Activate– To unlock the potential in the team and discover synergies, members must agree on how to work together as a team. This means that they have designed the best communication channels, determined the culture of the team, and ultimately increased the trust. Our research shows that high trust in teams is the catalyst to creating flow and reducing dissonance while fostering candor. Ultimately this leads to better decision making, innovation, and performance.

Leverage– Once the teams are running the business, interacting with each othering regularly and mobilizing the organization around the growth agenda, they must find a way to sustain what they have over time. They should regularly provide peer feedback and hold each other accountable. Our research shows average management teams expect the CEO to hold the team accountable. However, the highest performing teams can hold each other accountable at the peer group level. Productive conflict is essential to growth, yet only 15% of executive teams surveyed say that conflict is addressed in an open and direct manner within their teams.

Enhance– In many ways, what we choose to measure and track shapes what we do as people and as a team. In the enhance phase, members set up how they will continuously measure the team’s contribution to the business strategy based on their agreements from the prior phases.
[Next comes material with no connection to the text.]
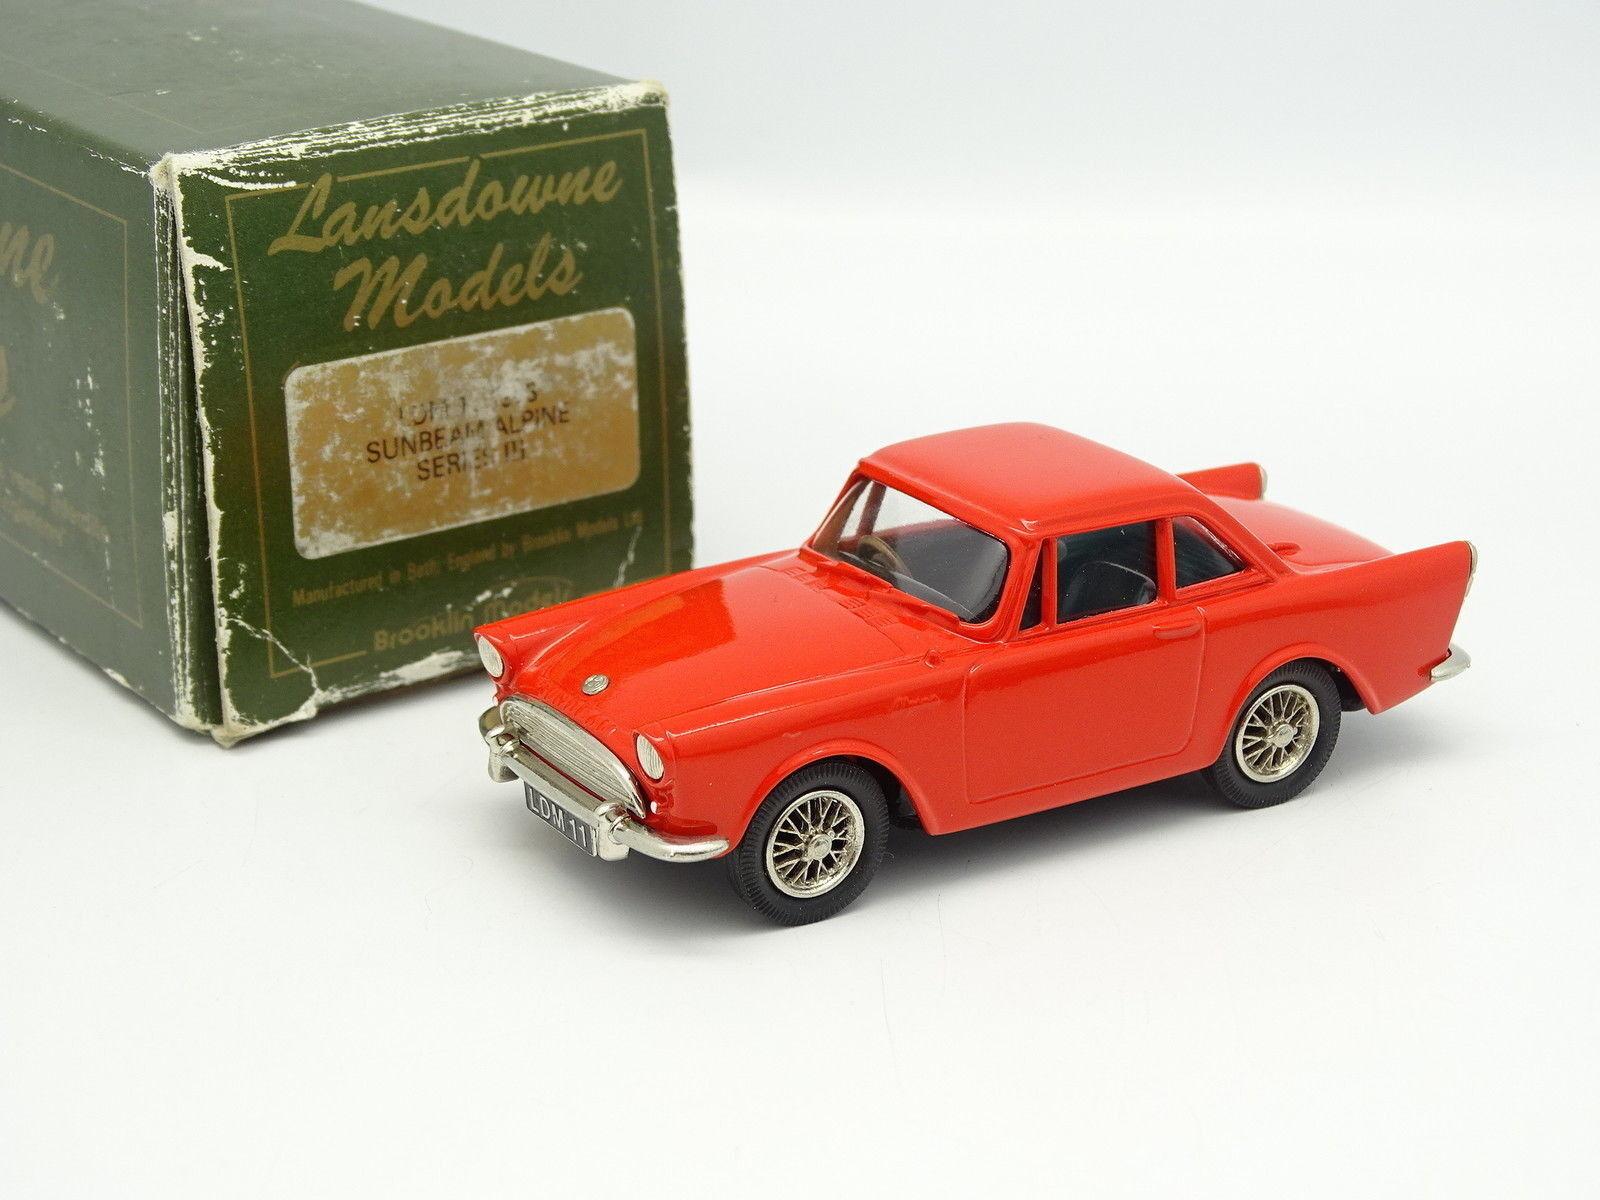 Lansdowne Modelle 1 43 - Sunbeam Alpine Serien III 1963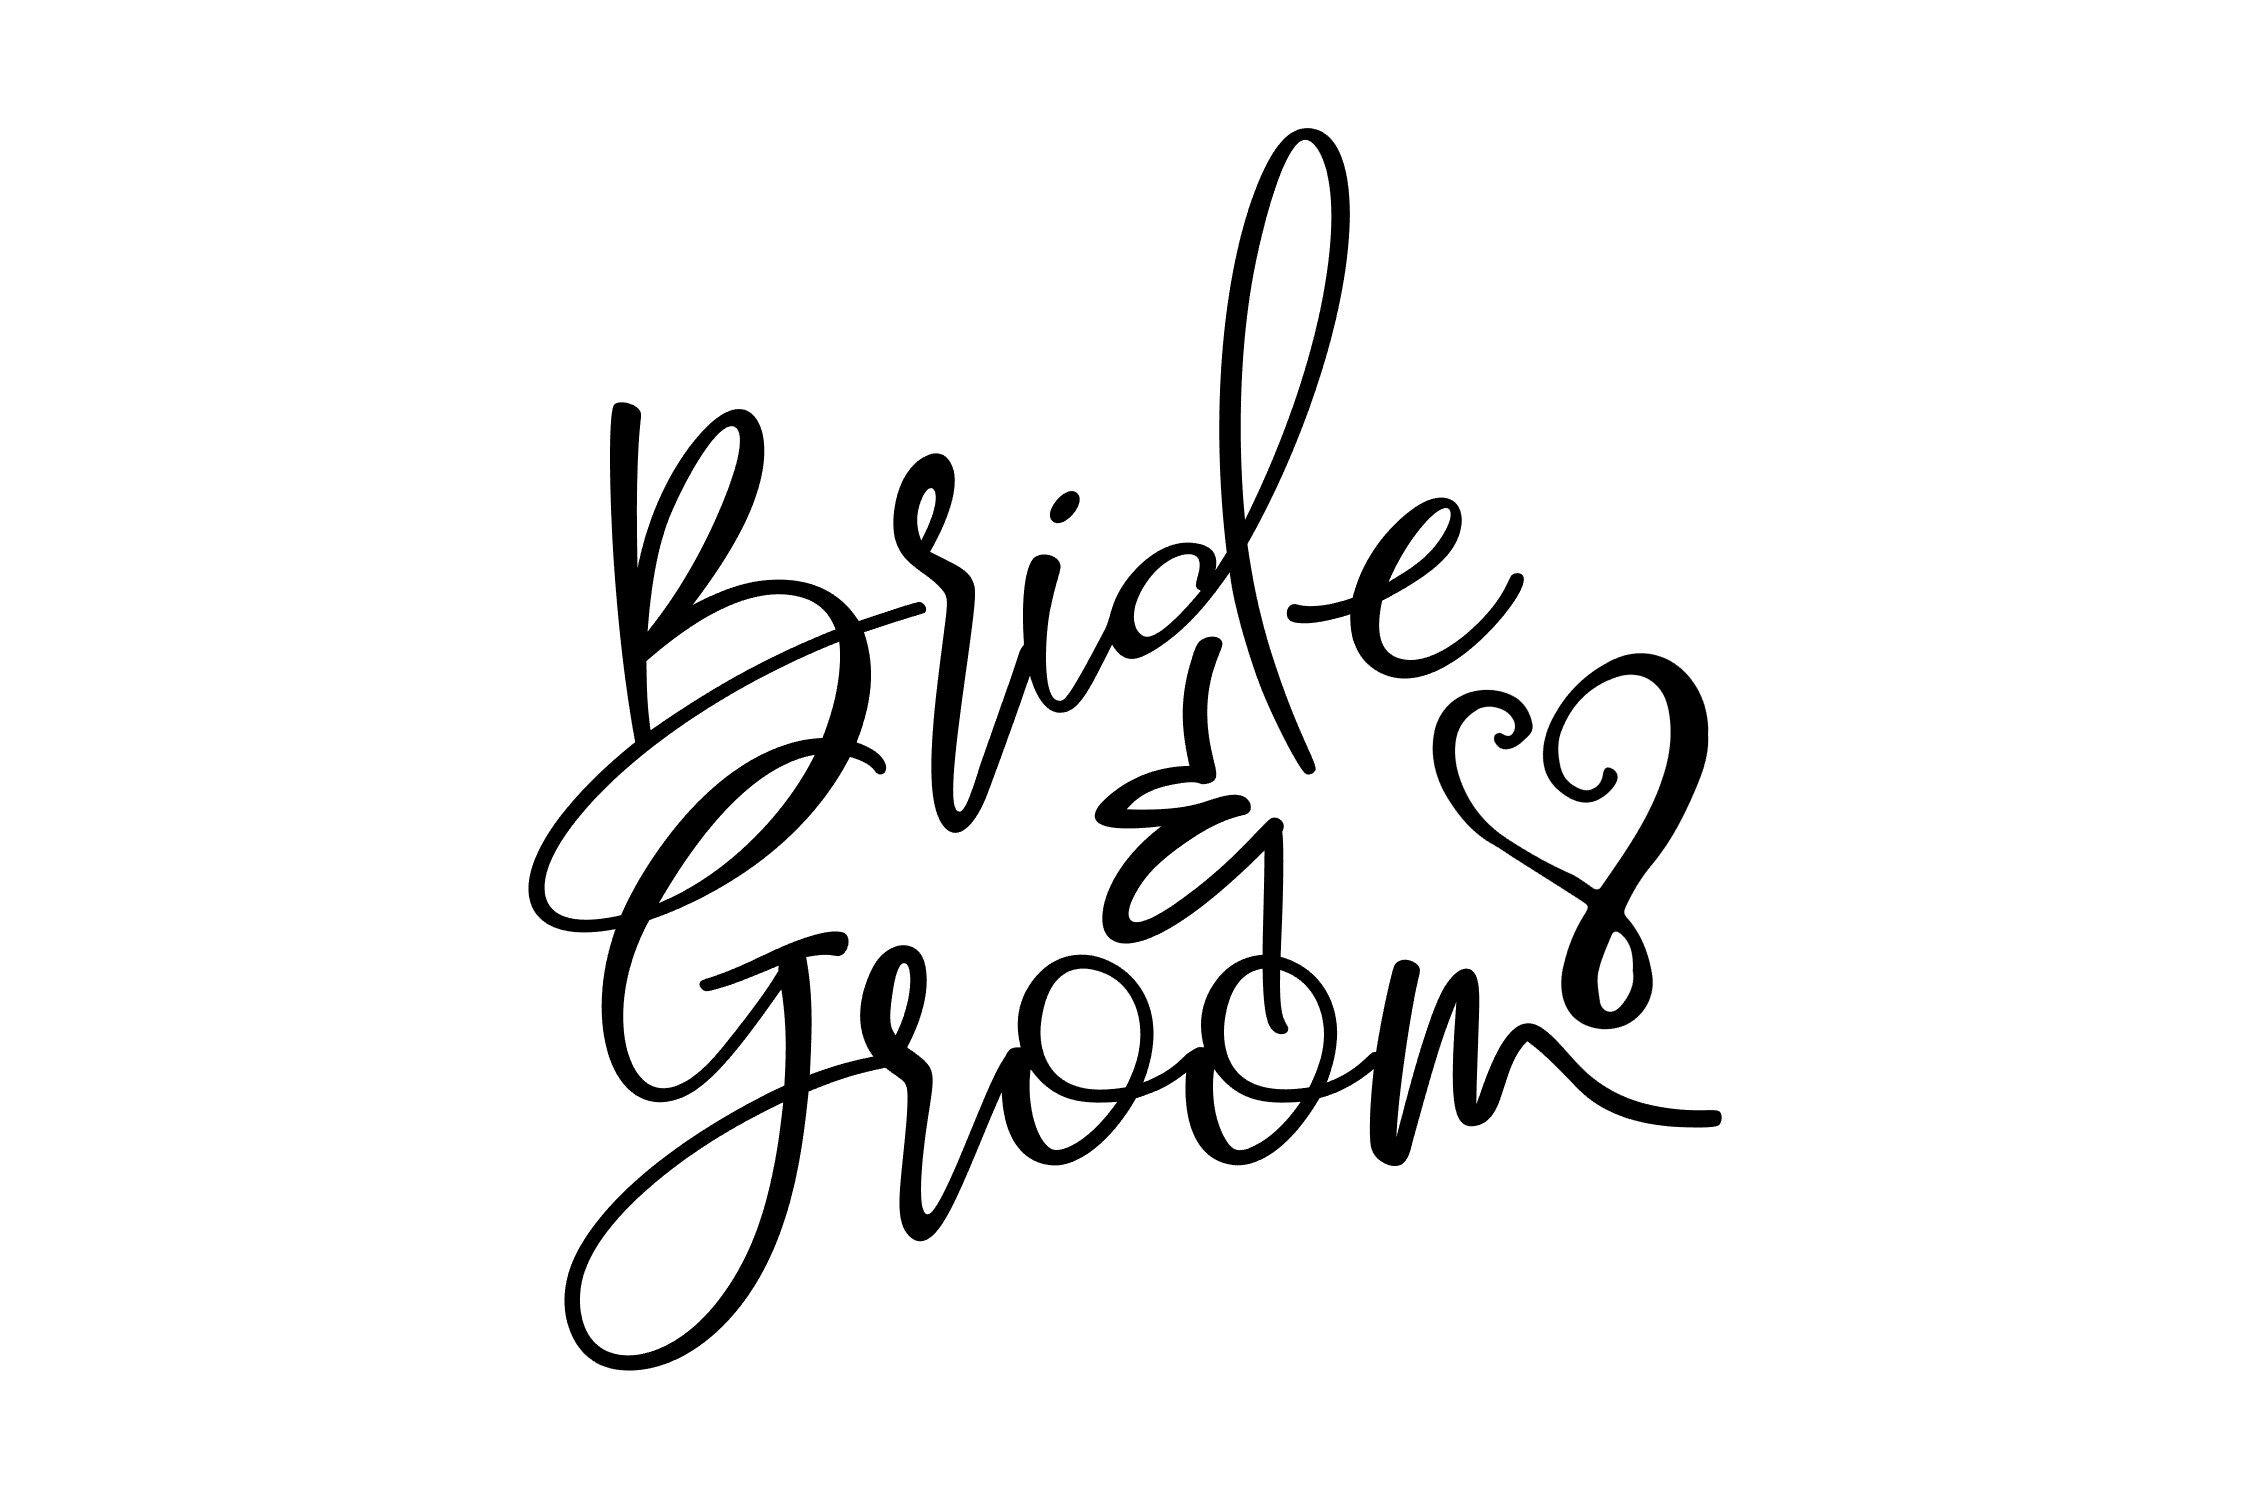 Bride Groom Svg Png Eps By Studio 26 Design Co Thehungryjpeg Com

To remain agile, adapting to the needs of the business, and sustain momentum, teams should consistently check themselves against the critical outcomes that focus on results and behaviors and adjust accordingly. In our proprietary assessment, the lowest rating is usually the team’s assessment of how well they are working together, and this requires continuous maintenance.

Teams do not move through the SCALE.© performance model phases one time; instead, it is a continuous cycle. Every time there is a change in strategy, members, structure, or goals, the team needs to do a check-up on their agreements, measures, and behaviors towards one another. The good news is that as teams are aligned and skilled within these five phases, they can move through them more quickly and enhance their performance with each evolution. In addition, as members join or leave, the management team does not miss a beat.